Wening sebenarnya merasa curiga dengan kondisi Nila hari itu. Mungkin dia tak berhak berprasangka buruk terhadap orang lain. Tapi nurani Wening memberontak. Hatinya berkata hal yang bertolak belakang. Jauh di lubuk sana, ada kecemasan dan ketakutan yang mulai bergentayangan pada benaknya.

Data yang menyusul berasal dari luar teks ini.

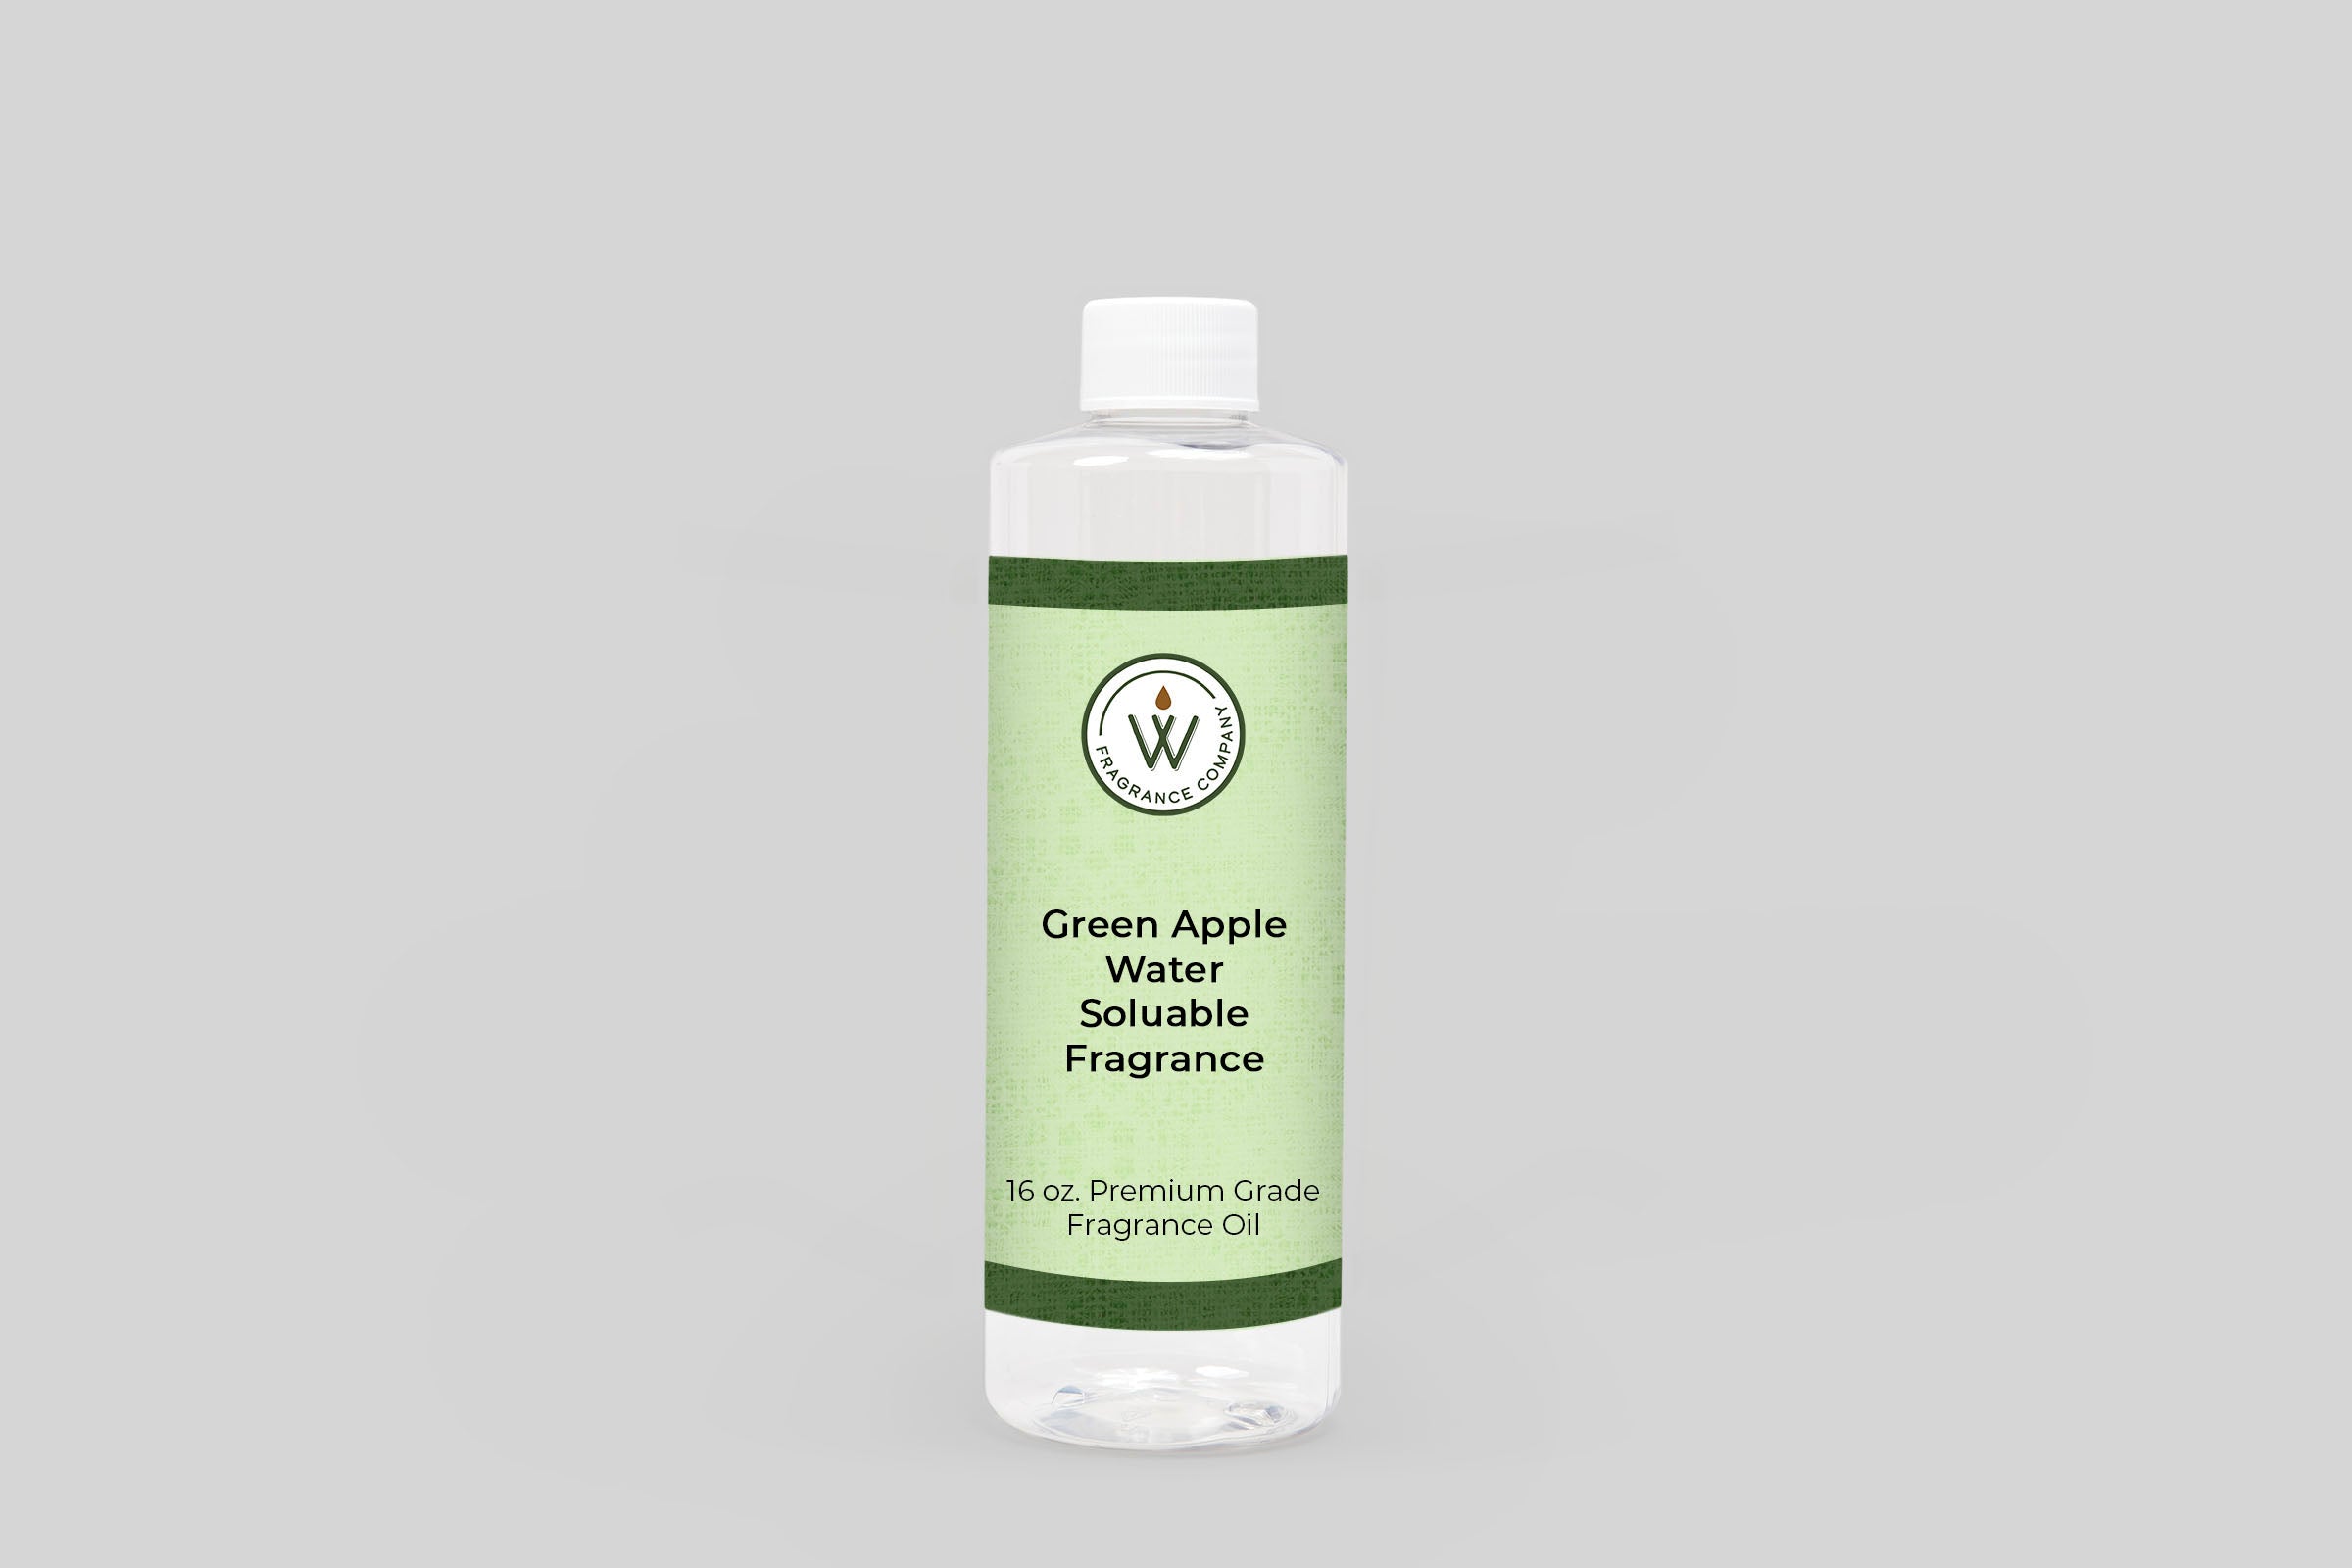 Green Apple Water Soluble Fragrance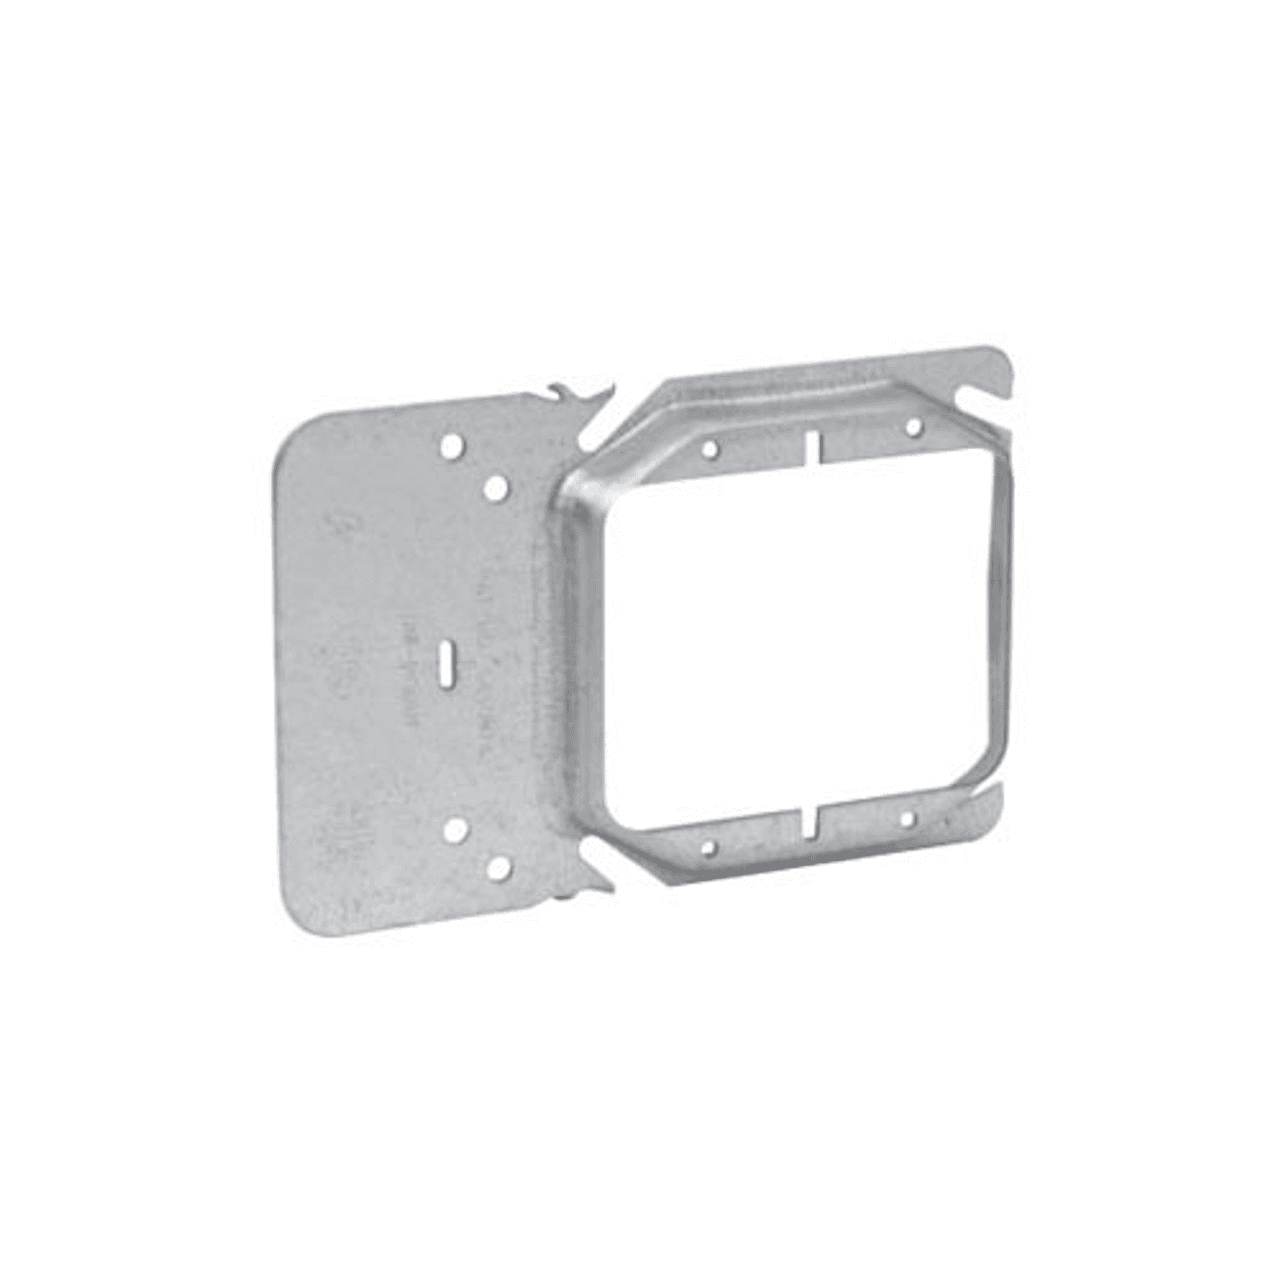 Eaton TP35000 Eaton Crouse-Hinds series Uni-Mount Cover, 4", Raised surface, Steel, Two-gang, 1/2" raised, 6.0 cubic inch capacity

"Yakin gak mau berobat saja?" tanya Wening sekali lagi untuk memastikan. Melihat kondisi Nila yang tak berangsur membaik, membuat dirinya khawatir.
Nila, sekali lagi bersikukuh menolak. Dengan tegas kepalanya menggeleng ke kanan dan kiri. "Nila ingin istirahat saja, Lek. Boleh Nila tidur?" tanya gadis itu ragu-ragu.
Matanya bolak-balik menatap Wening dan kasur kapuk yang digulung dan diletakkan di sudut kamar. Takut-takut tidak diberi izin pada si empunya kasur yang tampak menggoda untuk membaringkan tubuh. Nila benar-benar sudah terlalu lemas. Kakinya tak sanggup lagi untuk menopang berat badannya sendiri. Bahkan, sebelum Nila menjatuhkan diri di atas kasur milik Wening, gadis itu telah tergeletak tak berdaya di atas lantai dengan mata terpejam.
Nila ... jatuh pingsan.
¤ ¤ ¤
Dipublikasikan tanggal :
18 Juli 2021
1003 kata
Salam, Hujan Pemimpi ☁💜
KAMU SEDANG MEMBACA
Perempuan Pukul Tiga Pagi
General FictionDia adalah Wening, perempuan berdarah Jawa asli yang merantau ke tanah Sunda sejak dirinya lulus SMA. Dia adalah Wening, perempuan serapuh kaca yang berhati seluas samudera. Dia adalah Wening, perempuan biasa seperti kebanyakan perempuan lainnya, t...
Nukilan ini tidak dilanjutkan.